--- Data provided Enclosed Below ---

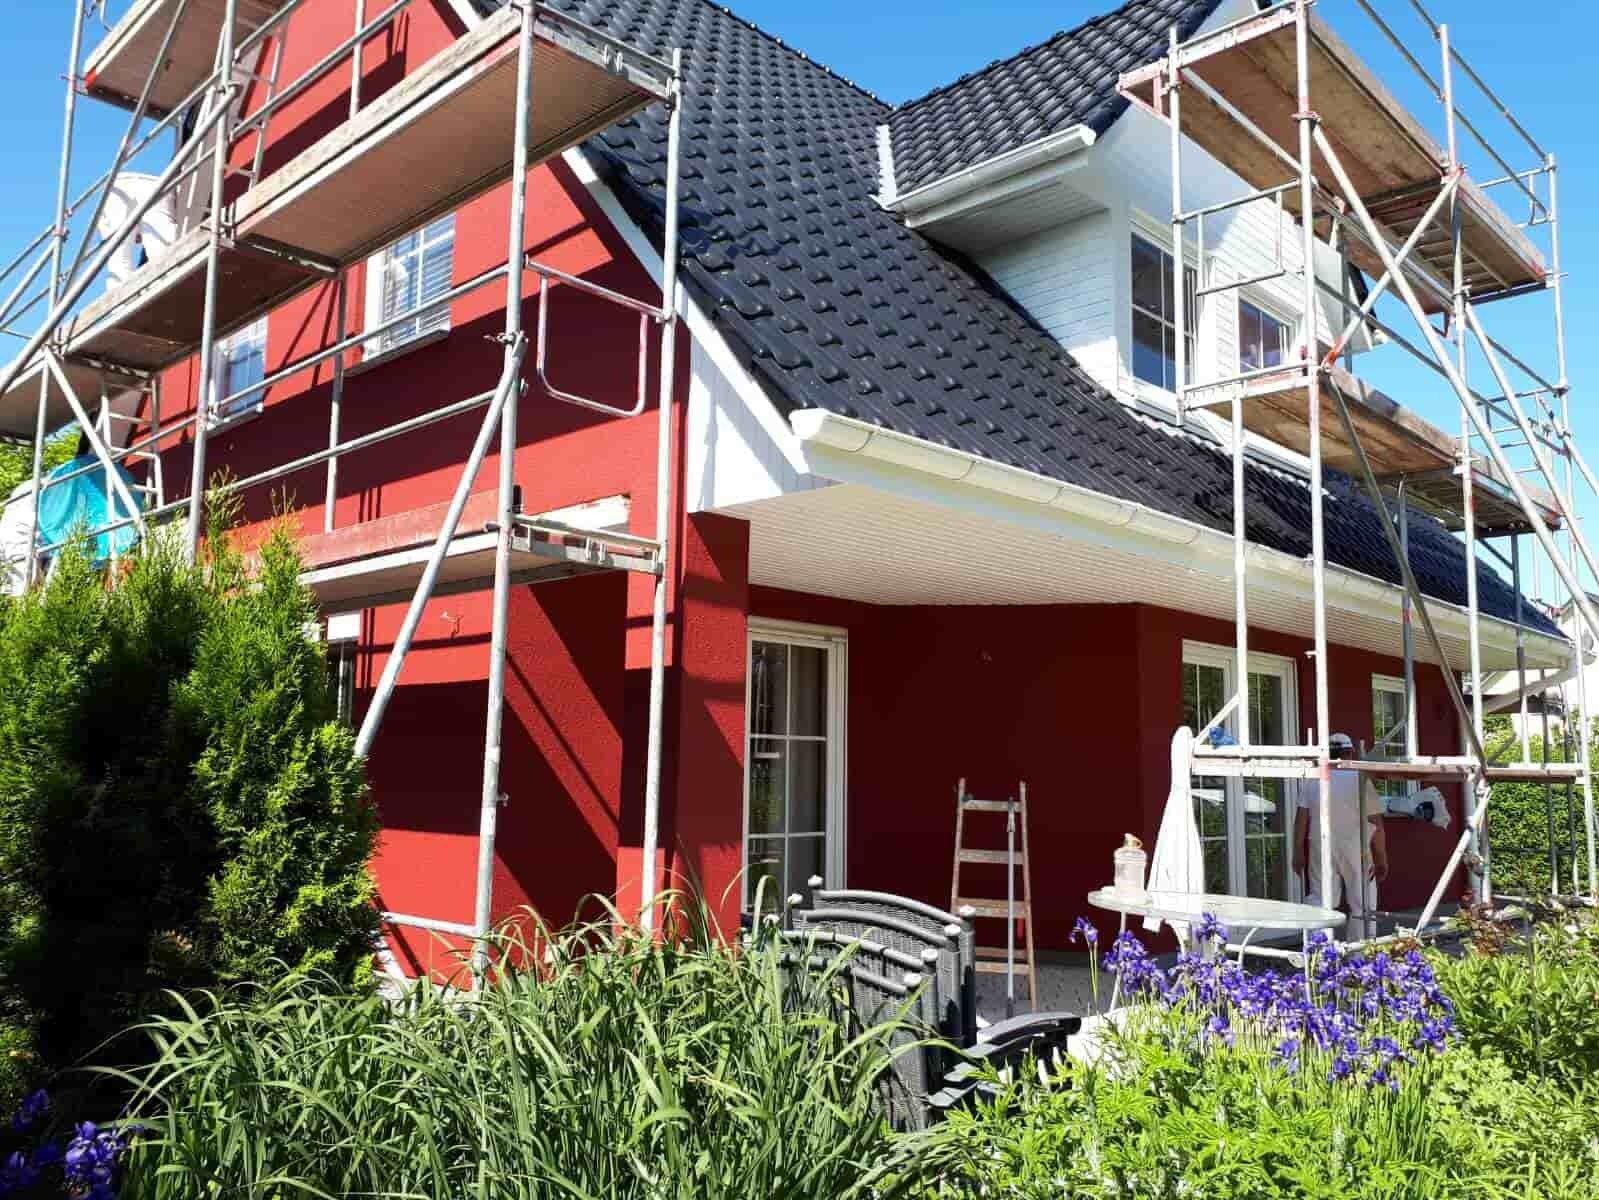 Fassade eines Einfamilienhauses mit rotem Anstrich in Rostock
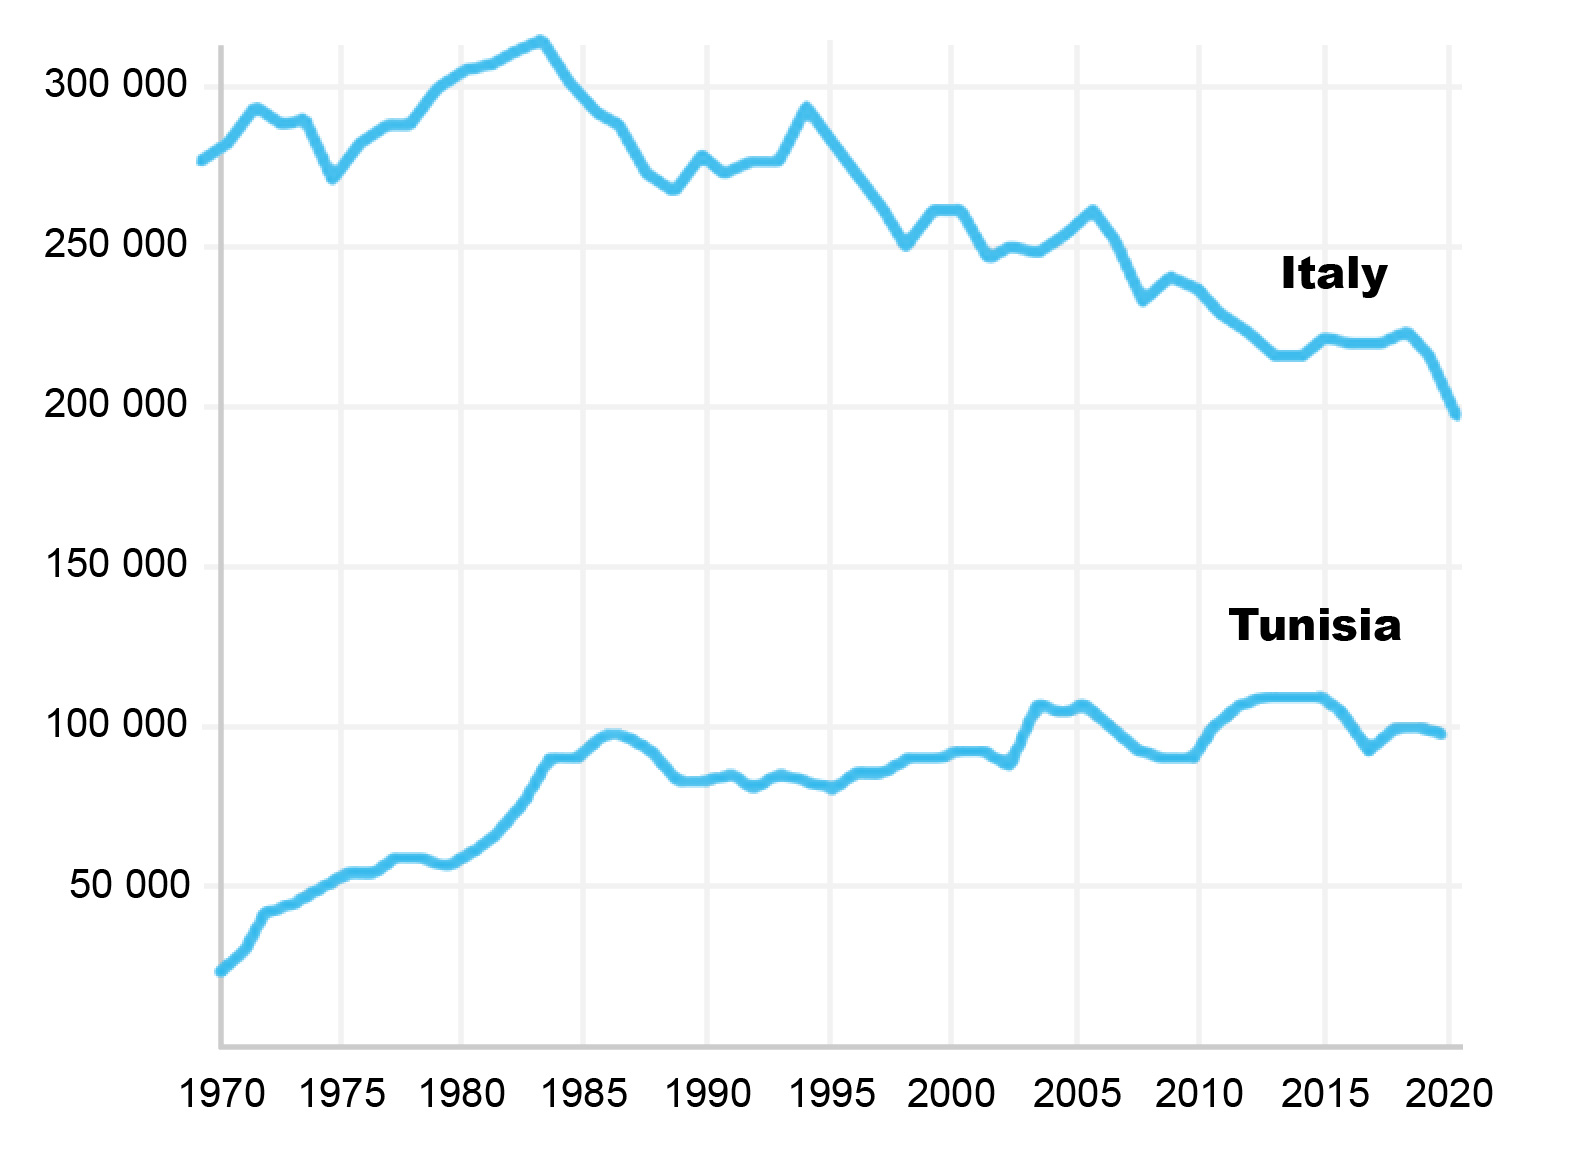 [Anlandungen von Fischereierzeugnissen in Tonnen (Y) in italienischen und tunesischen Häfen von 1970 bis 2020. Quelle: The State of the Mediterranean and Black Sea Fisheries 2022]
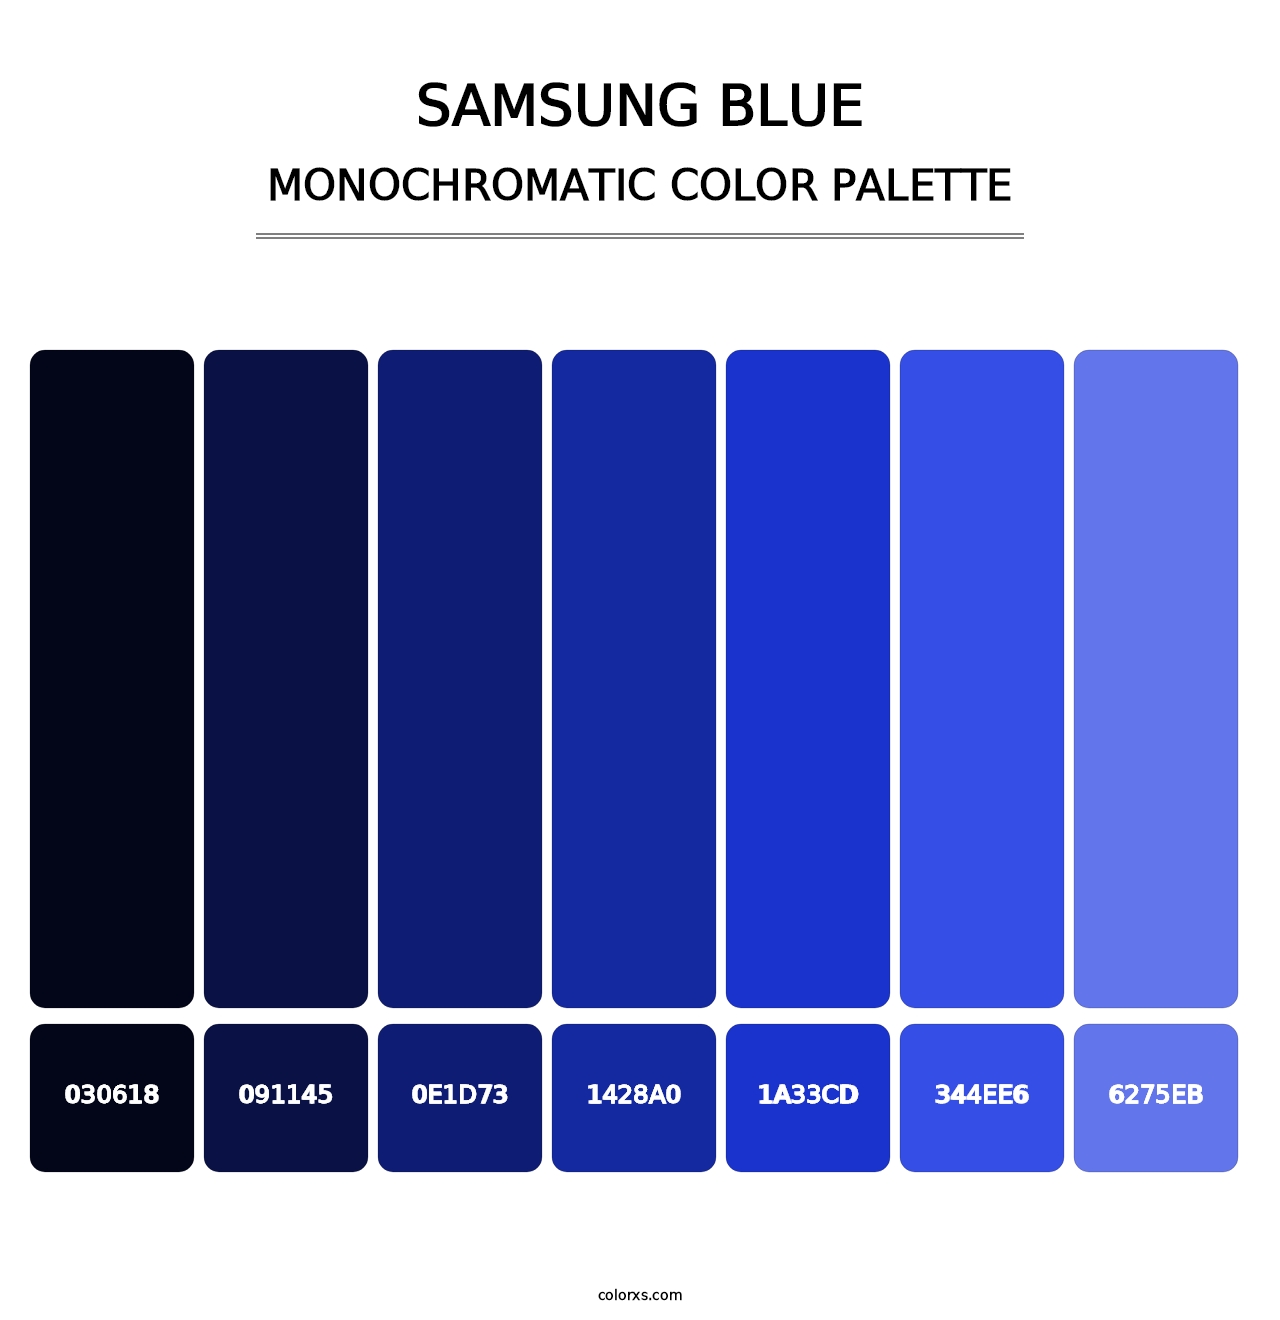 Samsung Blue - Monochromatic Color Palette
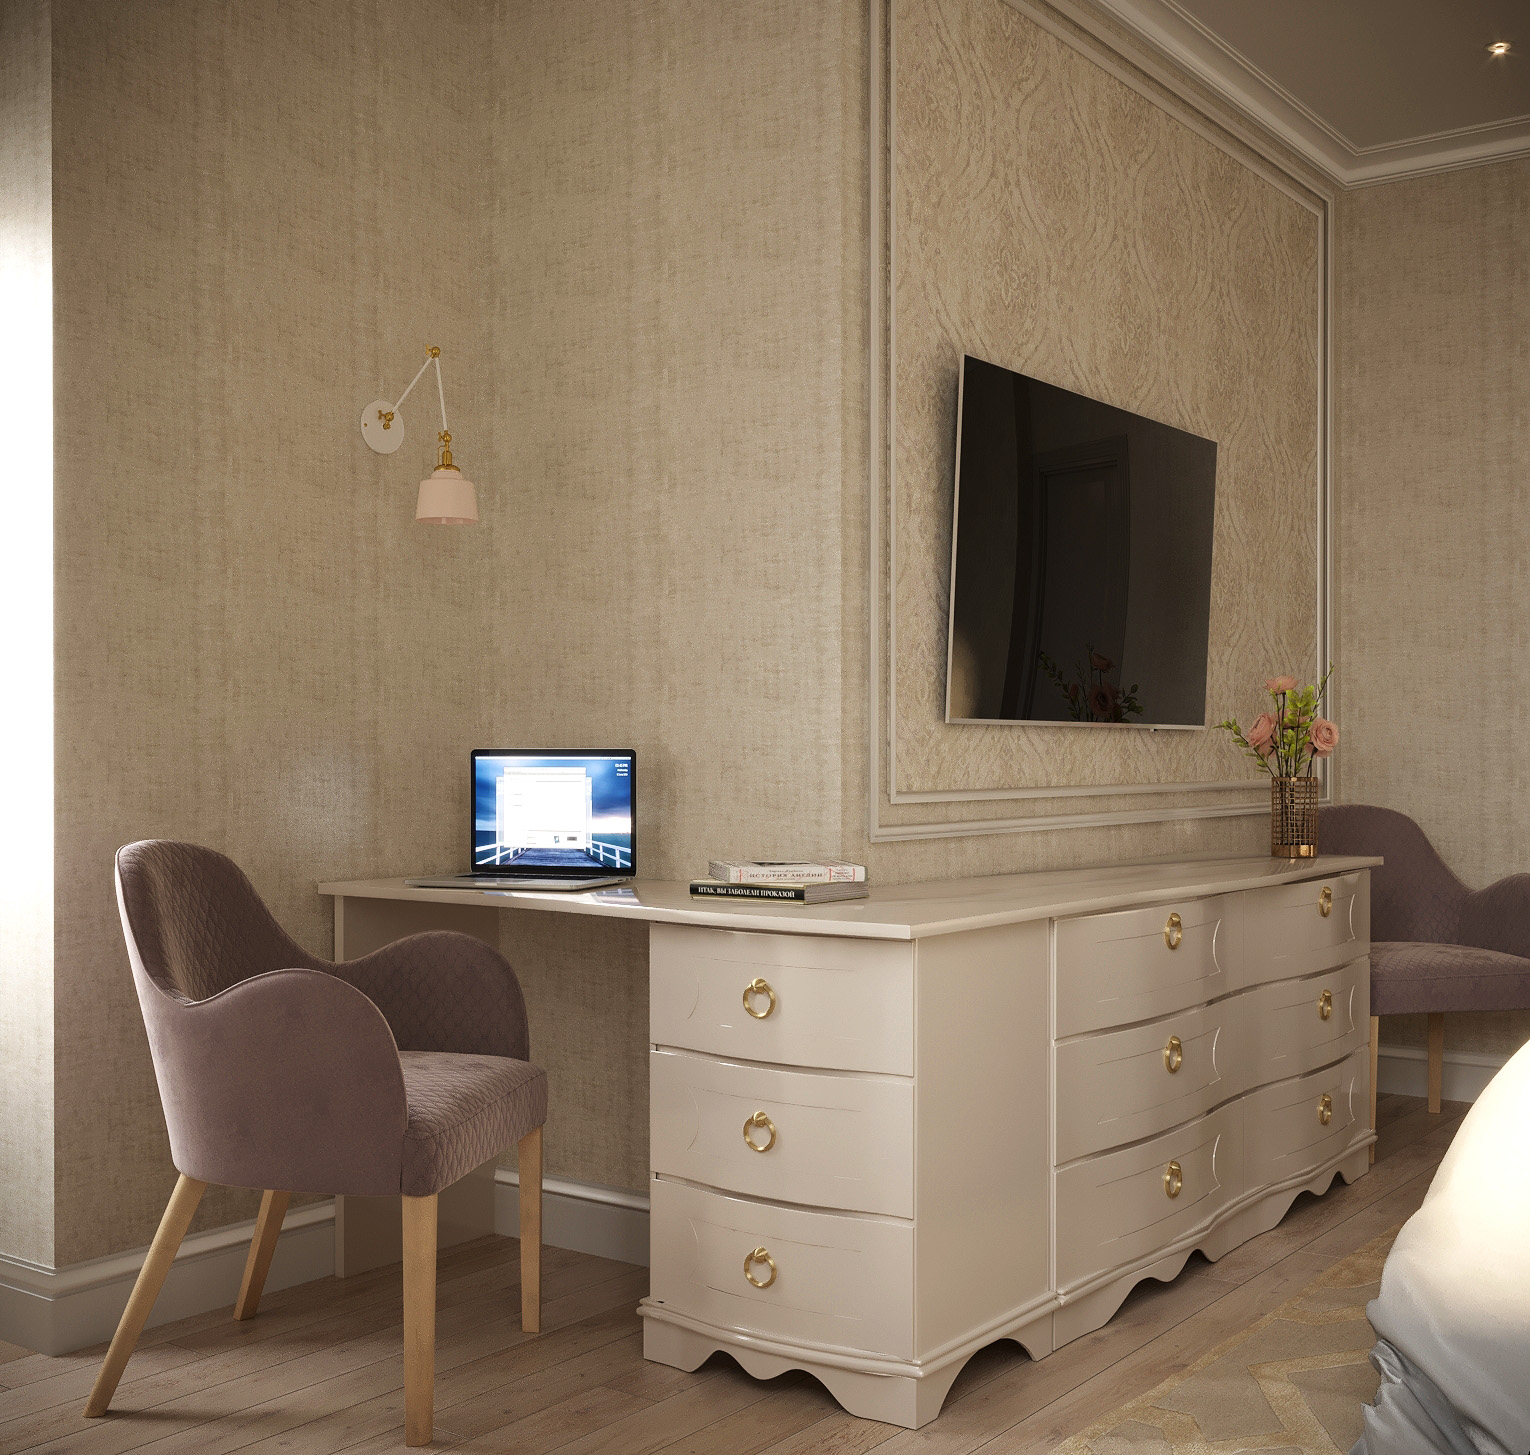 क्लासिक शैली का बेडरूम 3d max corona render में प्रस्तुत छवि

--- End of Enclosed Data provided ---

Task prompt
The output consists of exactly the lines from the one containing "Samsung Blue - Monochromatic Color Palette" through the last line of the listing, both included, with no pictures.

Response to this exercise
 Samsung Blue - Monochromatic Color Palette
 क्लासिक शैली का बेडरूम 3d max corona render में प्रस्तुत छवि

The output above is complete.